The rest of the paraphrase features another parallelism created through revision of Melville’s source-text. Melville copied “ill-ventilated” from his source in Brewer’s Guide page 93 or Familiar Science #1115, and added “well-ventilated” to yield contrasting, parallel descriptors. He strengthened the parallelism through antithesis by copying the noun “warmth” and adding “cold” to sharpen the contrast in fresh, perfectly parallel phrases: “ill-ventilated warmth” vs. “well-ventilated cold.”
FAMILIAR SCIENCE #1115
… to poor people, therefore, who are ill-clad, the warmth of an ill-ventilated apartment is agreeable.
MELVILLE
And to any shiverer, ill-ventilated warmth is better than well-ventilated cold.
Another addition is the figure of “any shiverer,” one of the best changes Melville made to his source-text in some version of Dr. Brewer’s handy guidebook of popular science. When creatively rewriting source material, Melville often gravitates to the concrete and personal. In this case, where his source generalized about the predicament of “ill-clad” poor people. Melville individualizes the point of view, changing the perspective from that of “poor people” in the abstract to that of “any shiverer.” At the same, the construction invites empathy by appealing to a relatable experience of common humanity. In the image of “any shiverer,” Melville has visualized how any person, not excluding any reader, might feel and act in a cold apartment, with no winter clothes.
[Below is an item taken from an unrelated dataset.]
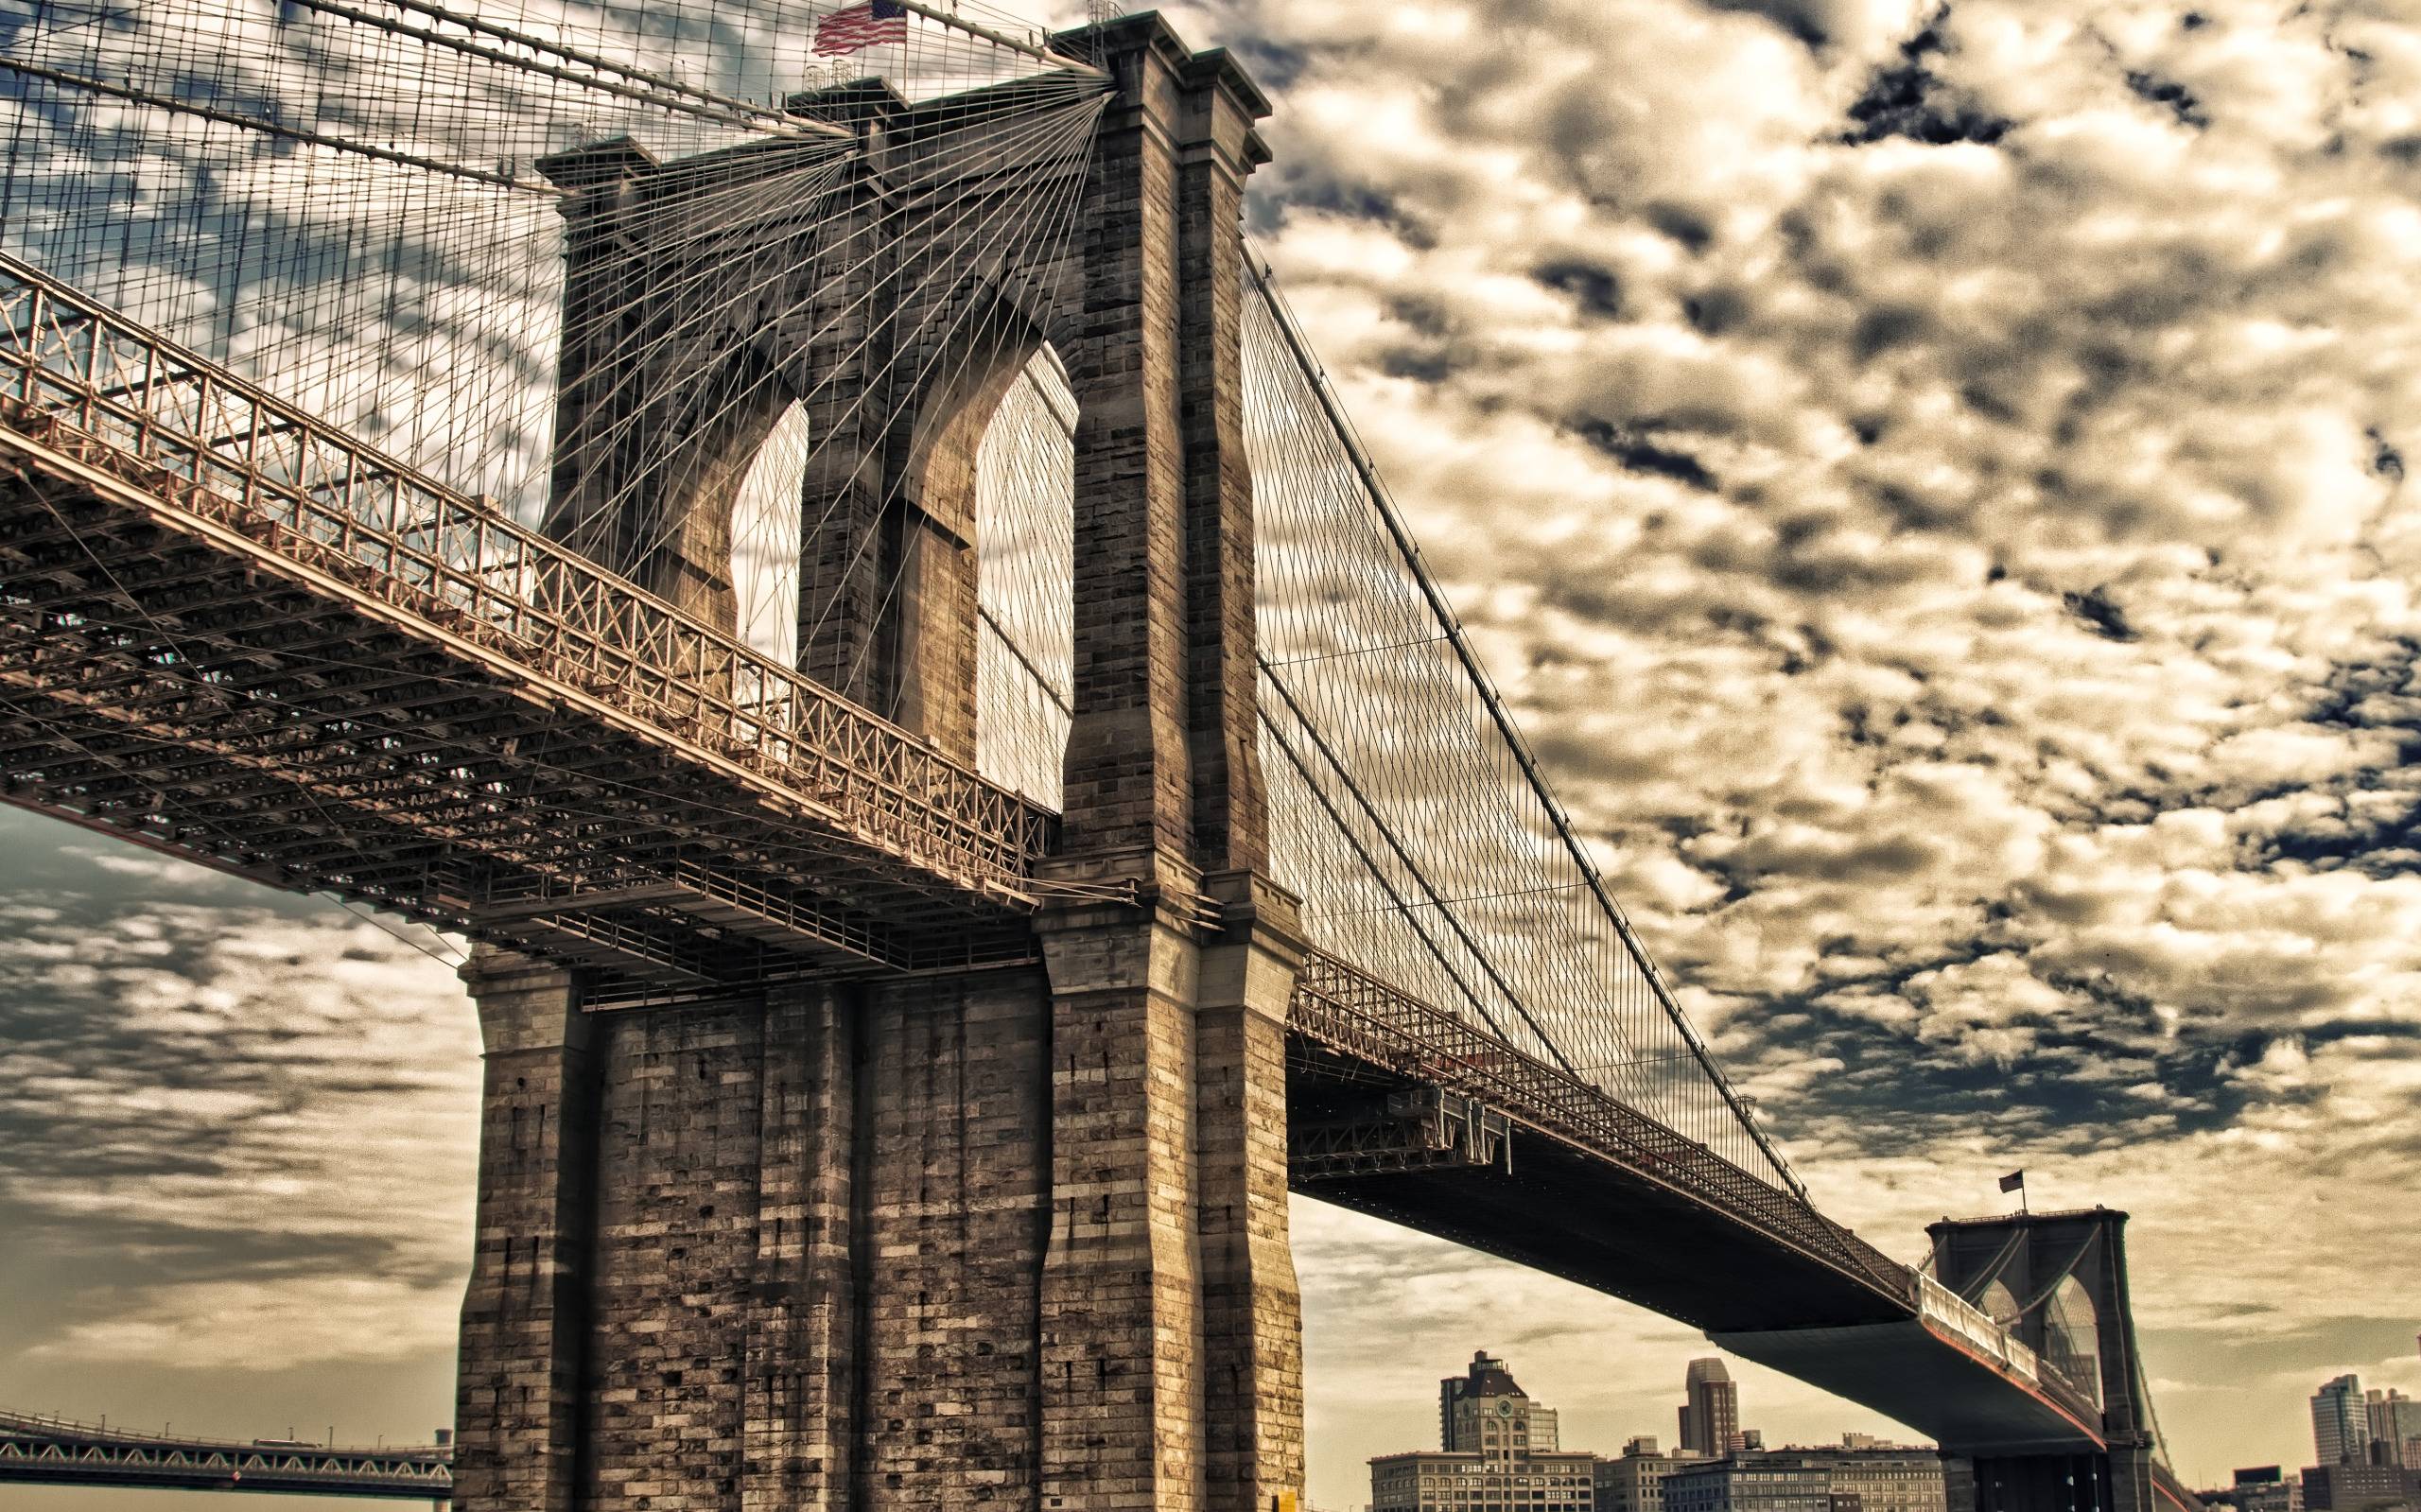 Brooklyn Bridge, New York City widescreen wallpaper. Wide

Poor Man’s Pudding,” was probably composed in late 1853 or early 1854 according to Merton M. Sealts, Jr. in his “Chronology of the Short Fiction,” Pursuing Melville, 1940-1980 (Madison: University of Wisconsin Press, 1982) pages 221-231 at 228; incorporated in The Piazza Tales and Other Prose Pieces, 1839-1860, ed. Harrison Hayford, Alma A. MacDougall, G. Thomas Tanselle, and others (Evanston and Chicago: Northwestern University Press and the Newberry Library, 1987) page 493. “The Lightning-Rod Man” was first published in Putnam’s for August 1854, two months after “Poor Man’s Pudding” appeared in Harper’s magazine.
Historian Bernard Lightman calls Brewer’s well-received guidebook a “scientific catechism” in Victorian Popularizers of Science: Designing Nature for New Audiences (Chicago and London: University of Chicago Press, 2007) page 67.